The development of more effective chemotherapeutic agents that carry fewer side effects has been important to the successful management of echinococcal disease. Use of these modern agents may even be considered as an initial treatment for the multiple small cysts seen in secondary disease, particularly when they are located in eloquent areas of the brain in patients with minimal neurological deficits. Patients not responding to this chemotherapy can be considered as surgical candidates, especially if they are experiencing progressive neurological signs and symptoms.

General

Antihelminthic agents are available for use to augment the surgical resection of hydatid cysts (16). Two agents are available, mebendazole and albendazole, and both agents have been shown to be effective in the treatment of hydatid cysts in liver and abdomen. Both agents also may reduce the fertility of the cyst. However, these larvacidal agents exhibit no beneficial effects when administered alone for the treatment of cerebral hydatid cysts.
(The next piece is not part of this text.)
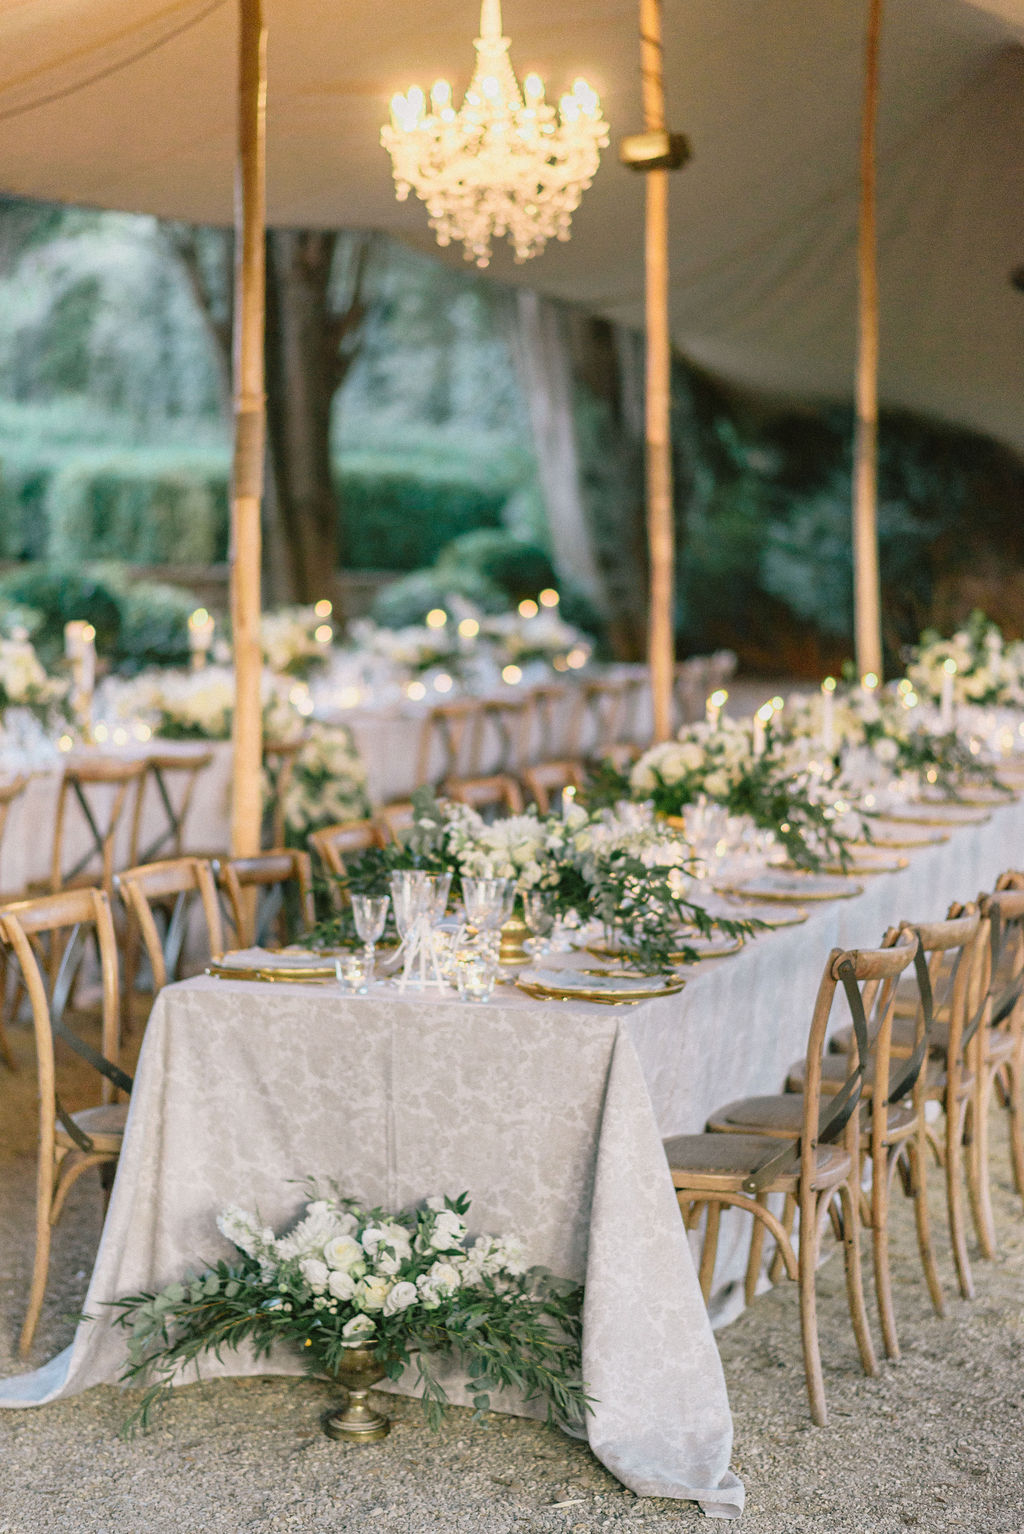 Luxury italy wedding planner Vignamaggio Wedding Dinner setting

No side effects of mebendazole or albendazole are reported either in the literature or in cooperative studies (44).

Indications for antihelminthic drugs

  • Intraoperative rupture

Multiple cysts

  • Reduction in the cyst size: A cyst deemed inoperable due to its size can be treated with an antihelminthic agent in the hope that by so doing the cyst will become operable (1, 10, 23).
  • Hydatid disease of the spine: Lam et al. (31) report that drug therapy is effective in a patient with inoperable spinal hydatidosis. 

Albendazole

  • Broad spectrum oral antihelminthic: Albendazole is a broad-spectrum antihelminthic agent with good oral absorption that blocks glucose uptake, depletes the glycogen stores, and thus immobilizes and kills the parasite (6).
  • Use as adjuvant to surgery and for secondary disease: Albendazole can be given to patients who have multiple organ involvement or multiple cysts inside the cranial cavity.  Some authors also recommend its use for patients who have residual cysts after surgery or when a cyst ruptures intraoperatively, whereas others  recommend that albendazole not be routinely used when intact removal of intracranial hydatid cyst or cysts is accomplished (16, 27, 43).
  • 10–15 mg/day for 3 months: When used in conjunction with surgical removal of the cyst, 10–15 mg/kg/day of albendazole is given for 3 months.